The full inference procedure is performed in the inference method. First the Gibbs sampling procedure is performed. This is done by iterating over each word in the corpus and during each iteration, the conditional probability distribution over all topics for that word is calculated with the following equation from part I,

$$P(z_i=j|z_{-i},w) \propto \frac{n_{-i,j}^{w_i}+\beta}{n_{-i,j}+W\beta}\frac{n_{-i,j}^{d_i}+\alpha}{n_{-i}^{d_i}+K \alpha}$$

This is done in the method called gibbsDistribution. The distribution is returned as a Multinomial distribution (see the scaladocs for Breeze Multinomial distribution). Then a new topic is sampled from this multinomial distribution and assigned to the word object. And finally, the doc/topic and topic/word counts are updated to reflect this new assignment (where the word ID from vocabulary is used to associate words with columns in the topic/word matrix). This sampling procedure runs for 10,000 iterations (so that we can be sure that MCMC convergence has occurred).
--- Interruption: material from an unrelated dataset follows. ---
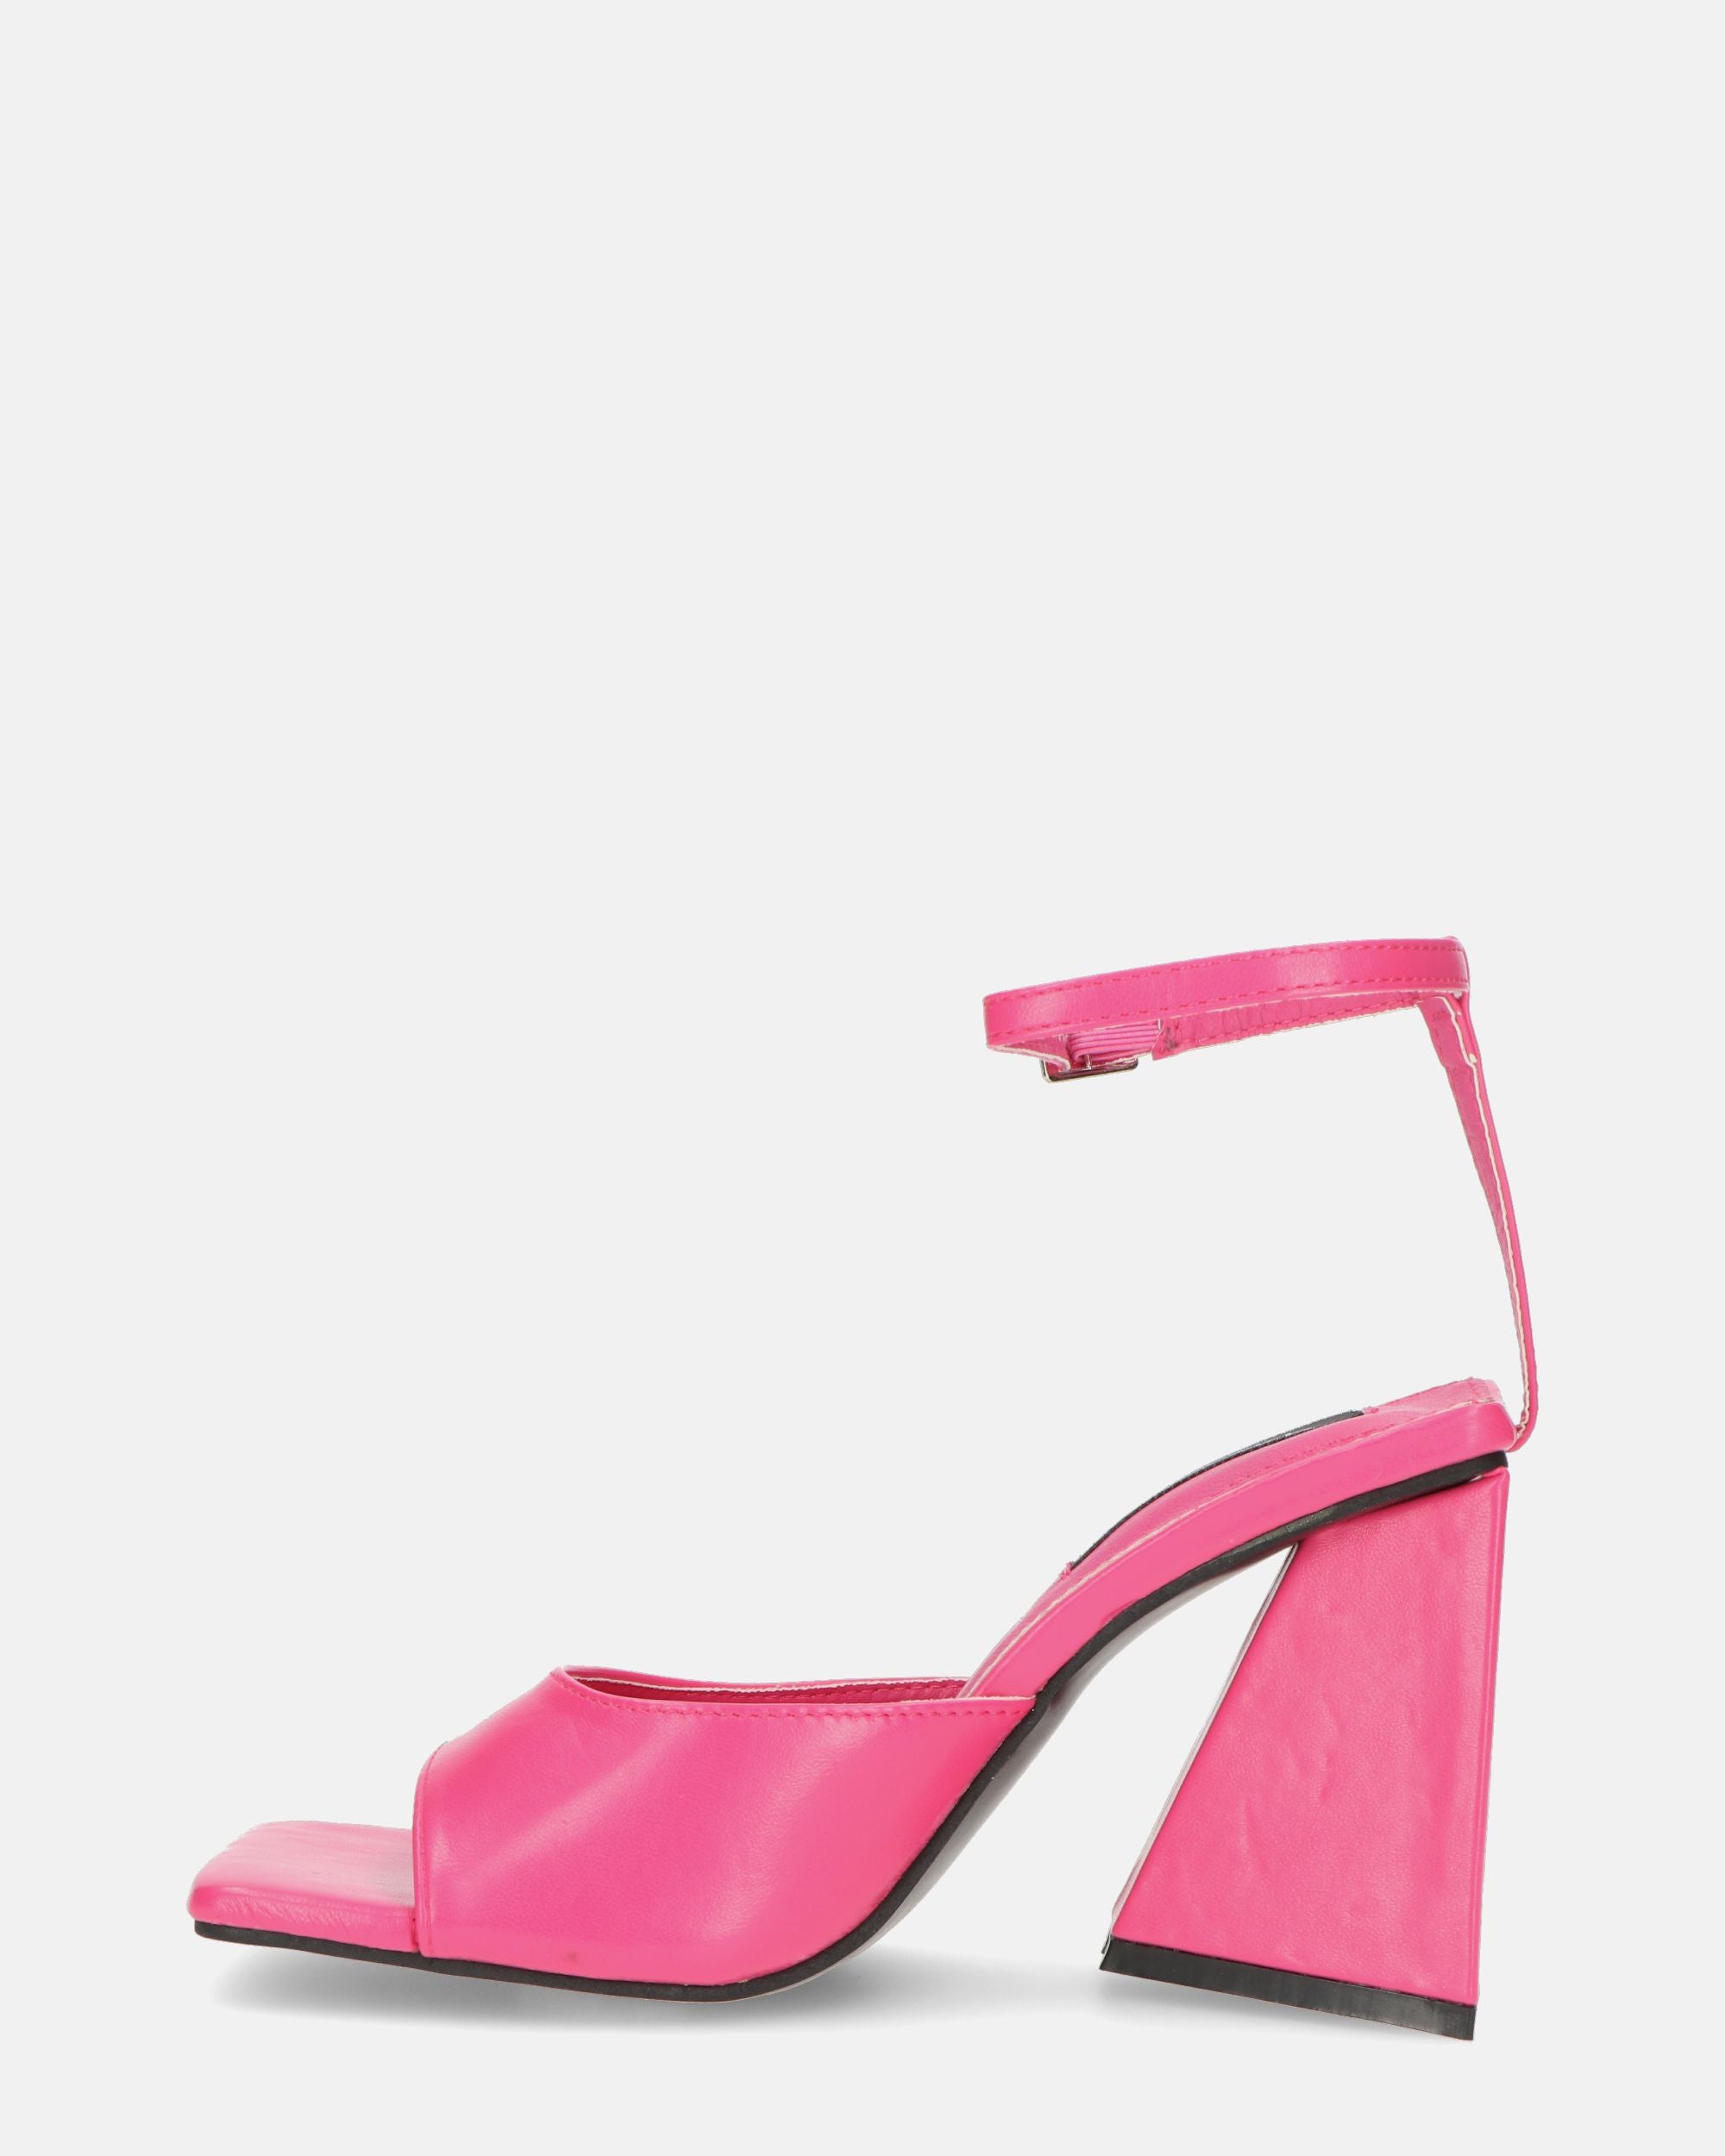 KUBRA - sandals with strap in pink PU

The next step in inference is to calculate the $$\theta$$ and $$\phi$$ probability matrices. This is done using the count matrices and the following equations from part I,

$$\theta_{i,k}=\frac{n_i^k+\alpha_k}{\sum_{k=1}^Kn_i^k+\alpha_k}$$ and $$\phi_{k,w}=\frac{n_w^k+\beta_w}{\sum_{w=1}^Wn_w^k+\beta_w}$$

The count matrices are transformed into probability matrices in place to save on memory. The printTopics method prints the topics found from the $$\theta$$ matrix in terms of the most likely words for each topic. The printTopicProps method prints the most likely topics for a particular document within the corpus from the $$\phi$$ matrix.

Hopefully this series of blog posts has shed some light on some of the mysteries of Latent Dirichlet Allocation. The above code snippets were taken from my Scala implementation that you can find at my ScalaTopicModels github repo.